Monday, June 20, 2011

Community on the Edge: Church Outside the Comfort Zone.

Dusk came last night in Bozeman at about 9:55pm. Dawn came this morning at 4:56am (or so). I've got to say that kind of schedule is tough. The day becomes so long at this time of year at this latitude that it is practically disorienting. Needless to say, I didn't get much sleep! Indeed, it can be so disorienting for people that they don't stay here but return to a location that has a more consistent day length, closer to the equator. But I am not unfamiliar with this situation. My old home in Bellingham, Washington was even further north and it too had long summer days. Those kind of long days in the summer and short days in the winter create a unique environment and a unique community.

We live in disorienting times. Some call this time "the postmodern era"; a time when all that we know about life and all the means we used to navigate this life has been turned upon its ear. The institutions and methods to which we have grown accustomed no longer have the appeal or effect they once had. This is no more true anywhere than in the church. The church is inherently embedded in culture. At its heart, it worship and reveres an historical figure (Jesus) as God who spoke to a specific culture in a specific way. Yet the ethic that Jesus taught was, and is, Truth (His teaching and ethics are experienced by all people as 'eternal' - His teachings transcend the culture and historical context to cause change in the hearer-reader; you see, the 'truth' of Truth is that it inaugurates change) and it must be applied in the ever changing culture around us. Thus as the culture changes around the church, the church too must adjust its methodology as it proclaims the Truth that is Jesus.

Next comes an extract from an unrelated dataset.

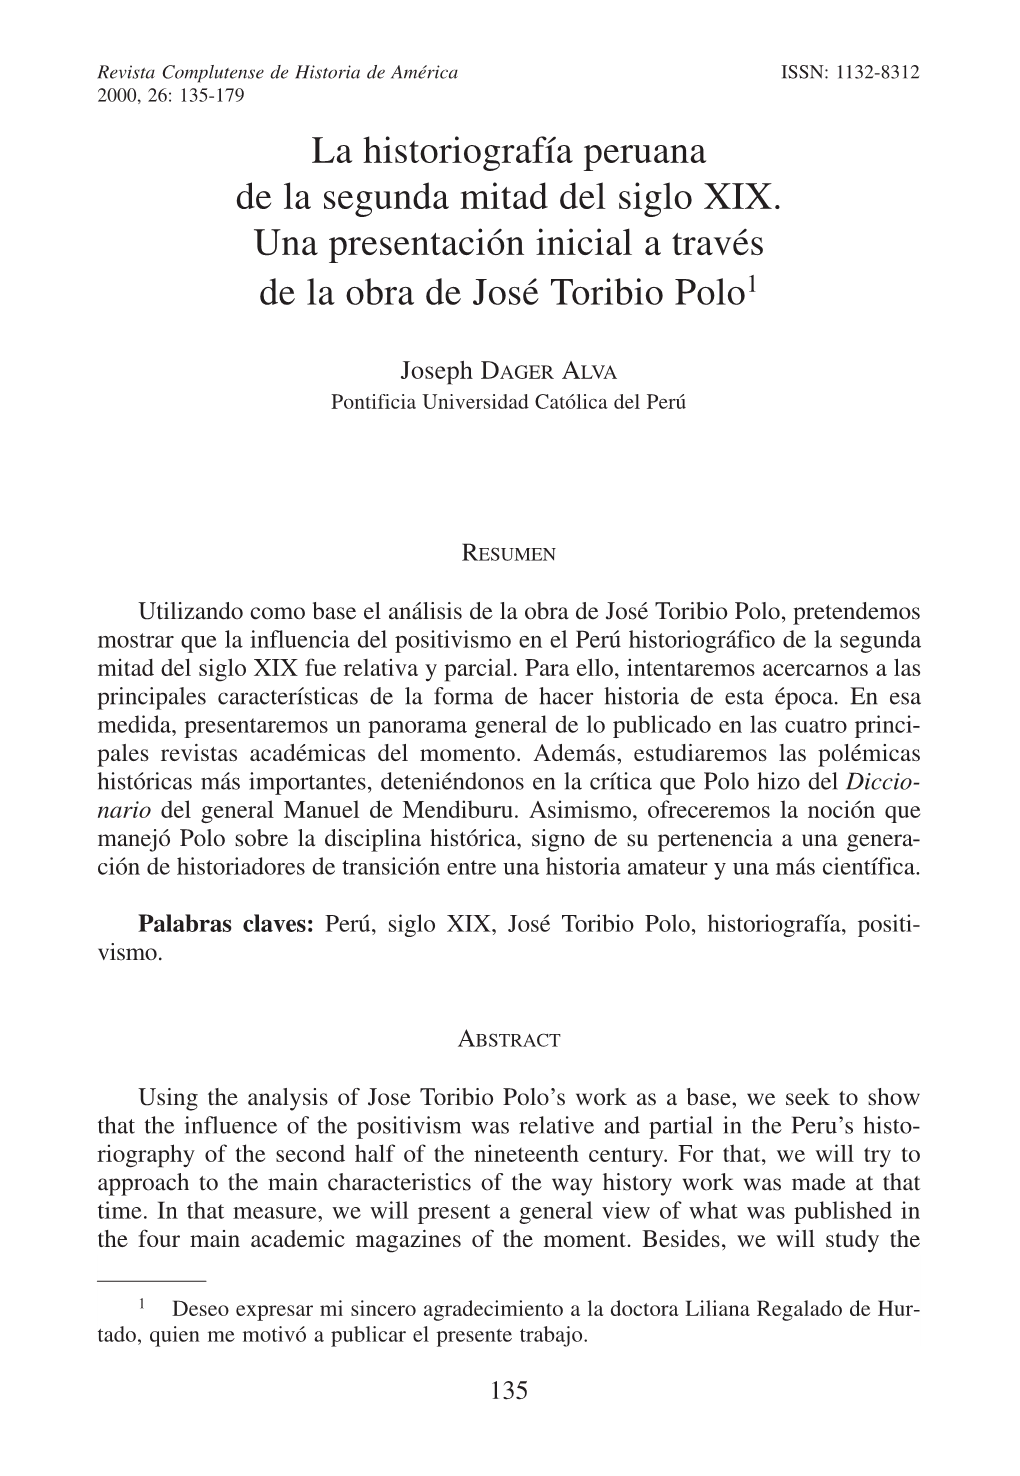 La Historiografía Peruana De La Segunda Mitad Del Siglo XIX. Una Presentación Inicial a Través De La Obra De José Toribio Polo1
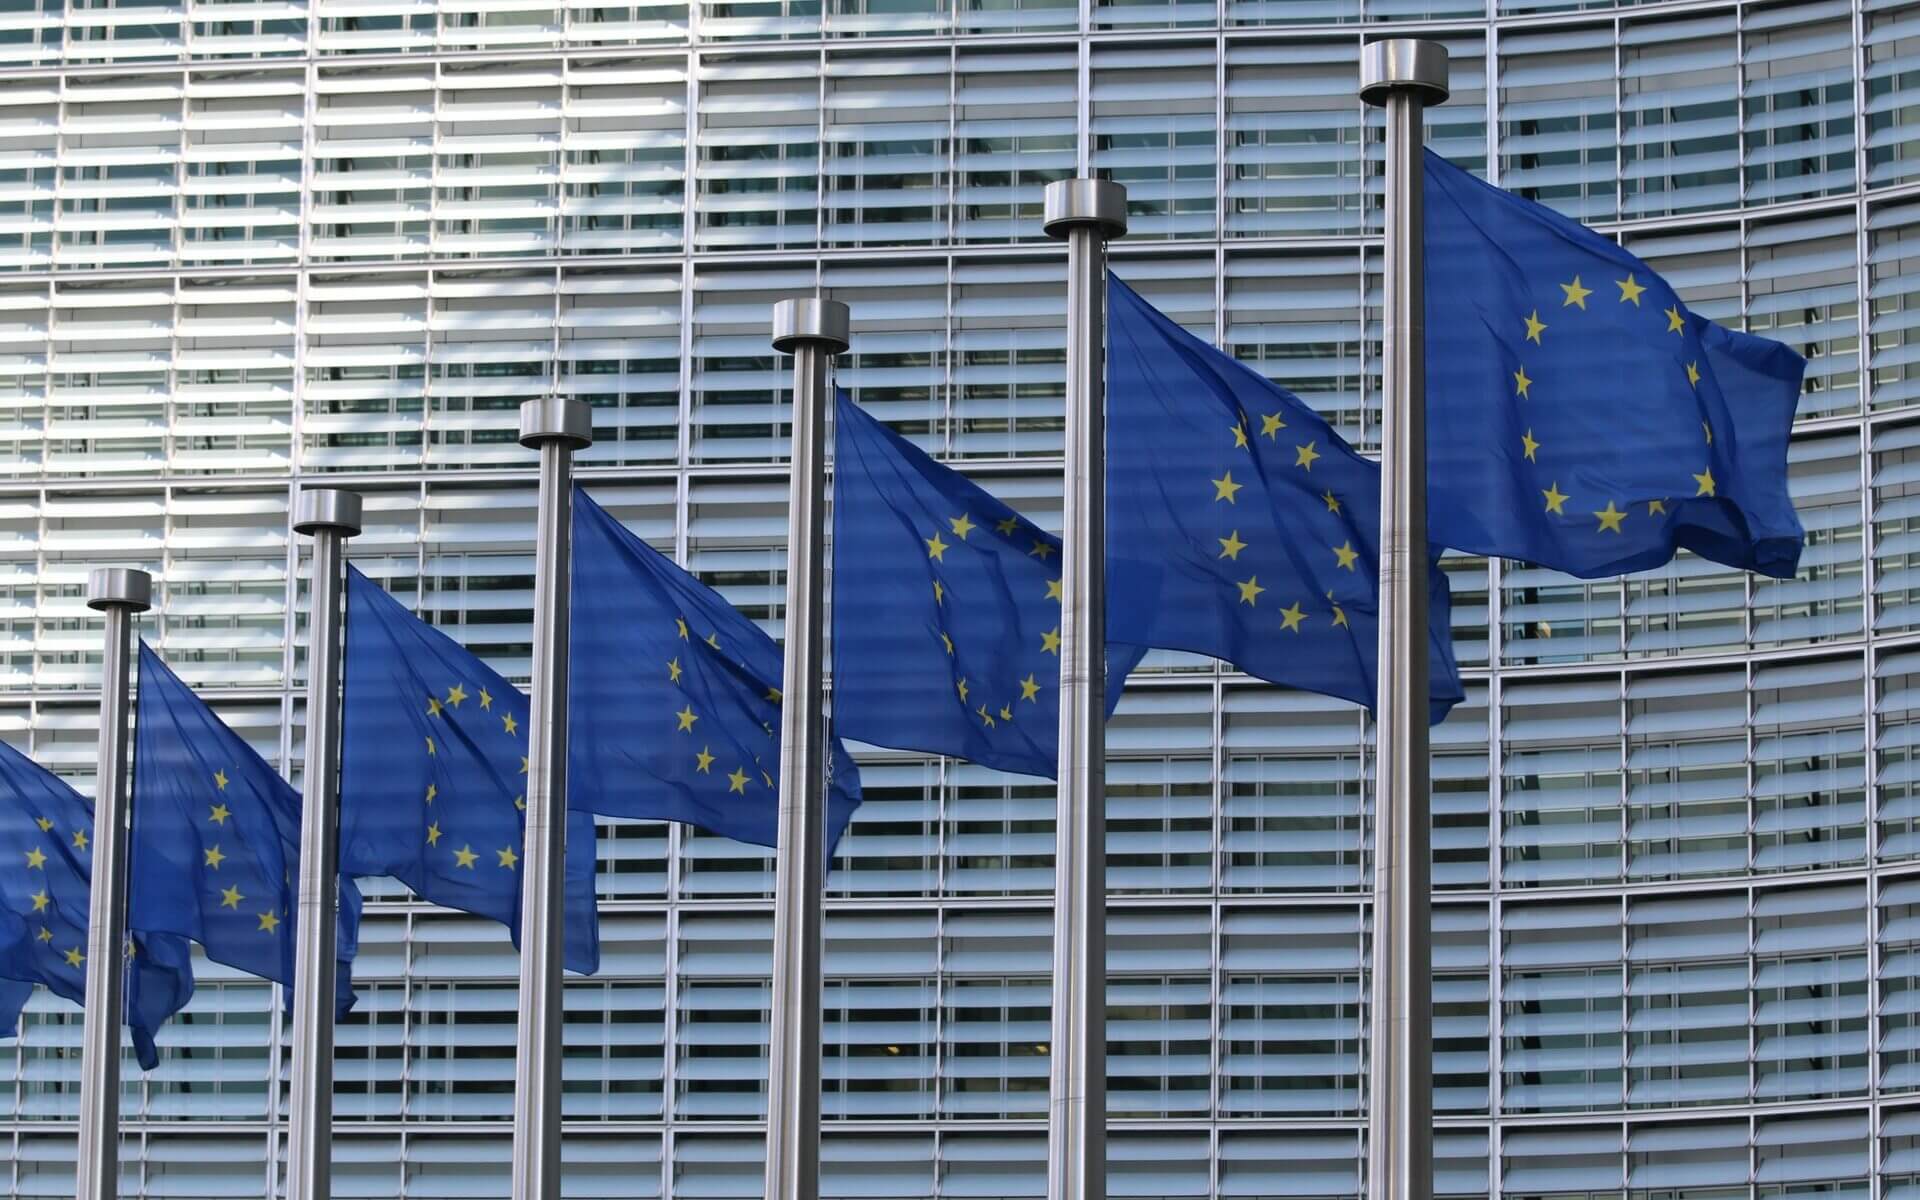 Seitsemän liehuvaa Euroopan unionin lippua harmaan rakennuksen edessä.

In a time where change is common; indeed where change is the norm and where steadfast adherence to any static context or tradition means quick death, the living church finds itself - if it is to be faithful proclaimers of the gospel - as a 'Community on the Edge' - a church outside of the comfort zone. As the comfort of the modern age fades into the quantum change of the postmodern (or is it ultramodern?), the survival of the church depends upon its willingness to be at the very edge of culture; reaching out to the lost, the hurt, the child and the widow, who always are the victims in culture.

It would be easy for the church trying to survive in the waning comfort of the modern era to continue its methods for as long as they can. And some churches in North America, located in cultures still relatively ruled by the ideas of the modern period (the Bible Belt, for example) will continue to rely on those methods. But a note to pastors: even as you rely on the tested programs of the 20th century to build the church body, start to equip people to make relationships with their neighbor. Rather than relying on attractional evangelism, start equipping people to engage in missional evangelism, where they go out of the building and into the world, making relationships, sharing the truth of Jesus with their lives, leading them to the Truth as we experience it in life and as it is codified in scripture. If you begin this process of equipping your sheep to do the meat of ministry, be prepared: you will soon find yourself outside your comfort zone as a community on the edge, challenging the norms of your culture and society. But be encouraged: that's exactly where Jesus and Paul were! I like what Paul says and what the church must take to heart today:

"To the weak I became weak, that I might win the weak; I have become all things to all men, so that I may by all means save some" (1 Corinthians 9:22)

Learn to live as a community on the edge; seriously engaging culture with the Truth and Love of God in order that some might be saved.